As the answer, set down the lines below from the one containing "Simply Bamboo 6" through the one containing "What is King Taco Red Sauce?", exactly and inclusively, and no others.
── INFORMATION GIVEN ──
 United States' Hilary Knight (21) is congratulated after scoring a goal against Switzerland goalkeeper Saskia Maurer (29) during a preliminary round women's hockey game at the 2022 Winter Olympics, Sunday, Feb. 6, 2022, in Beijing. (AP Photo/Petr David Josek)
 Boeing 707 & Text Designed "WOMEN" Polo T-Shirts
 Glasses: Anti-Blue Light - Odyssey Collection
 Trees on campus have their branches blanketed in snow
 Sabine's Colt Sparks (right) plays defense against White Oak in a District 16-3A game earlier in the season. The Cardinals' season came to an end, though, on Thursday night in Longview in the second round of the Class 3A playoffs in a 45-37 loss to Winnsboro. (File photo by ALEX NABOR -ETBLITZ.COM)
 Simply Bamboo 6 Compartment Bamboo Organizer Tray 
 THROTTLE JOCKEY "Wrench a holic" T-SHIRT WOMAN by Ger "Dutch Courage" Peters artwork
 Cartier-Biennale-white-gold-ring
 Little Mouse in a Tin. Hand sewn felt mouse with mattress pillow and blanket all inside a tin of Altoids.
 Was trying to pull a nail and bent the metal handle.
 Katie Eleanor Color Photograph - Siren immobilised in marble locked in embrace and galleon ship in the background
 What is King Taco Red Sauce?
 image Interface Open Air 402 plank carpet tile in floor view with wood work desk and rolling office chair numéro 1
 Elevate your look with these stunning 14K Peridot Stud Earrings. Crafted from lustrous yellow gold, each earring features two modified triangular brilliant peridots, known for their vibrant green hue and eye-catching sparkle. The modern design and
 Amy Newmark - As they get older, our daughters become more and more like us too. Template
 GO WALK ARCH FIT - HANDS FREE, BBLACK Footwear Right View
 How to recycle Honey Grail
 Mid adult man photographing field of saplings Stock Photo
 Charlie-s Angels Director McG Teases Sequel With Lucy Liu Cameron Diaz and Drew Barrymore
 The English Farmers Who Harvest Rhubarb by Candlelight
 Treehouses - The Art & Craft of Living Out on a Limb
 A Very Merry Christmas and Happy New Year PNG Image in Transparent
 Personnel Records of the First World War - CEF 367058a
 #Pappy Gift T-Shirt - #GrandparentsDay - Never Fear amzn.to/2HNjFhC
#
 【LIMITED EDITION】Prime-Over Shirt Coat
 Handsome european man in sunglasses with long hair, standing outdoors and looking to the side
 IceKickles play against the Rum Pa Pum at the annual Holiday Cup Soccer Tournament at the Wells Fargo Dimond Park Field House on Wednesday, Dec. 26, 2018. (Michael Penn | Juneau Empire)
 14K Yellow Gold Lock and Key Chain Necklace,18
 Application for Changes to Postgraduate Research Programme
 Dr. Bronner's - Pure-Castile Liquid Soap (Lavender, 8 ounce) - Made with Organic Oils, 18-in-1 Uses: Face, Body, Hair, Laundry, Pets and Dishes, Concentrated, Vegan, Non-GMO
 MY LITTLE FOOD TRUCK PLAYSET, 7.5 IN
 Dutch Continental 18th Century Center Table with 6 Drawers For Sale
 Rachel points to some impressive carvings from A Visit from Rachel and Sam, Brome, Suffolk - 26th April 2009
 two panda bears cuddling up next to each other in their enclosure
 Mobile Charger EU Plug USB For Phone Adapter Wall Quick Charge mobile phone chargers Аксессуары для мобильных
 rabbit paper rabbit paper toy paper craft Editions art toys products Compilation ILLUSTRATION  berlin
───
• _SOLUTION FOR THIS EXERCISE_:
 Simply Bamboo 6 Compartment Bamboo Organizer Tray 
 THROTTLE JOCKEY "Wrench a holic" T-SHIRT WOMAN by Ger "Dutch Courage" Peters artwork
 Cartier-Biennale-white-gold-ring
 Little Mouse in a Tin. Hand sewn felt mouse with mattress pillow and blanket all inside a tin of Altoids.
 Was trying to pull a nail and bent the metal handle.
 Katie Eleanor Color Photograph - Siren immobilised in marble locked in embrace and galleon ship in the background
 What is King Taco Red Sauce?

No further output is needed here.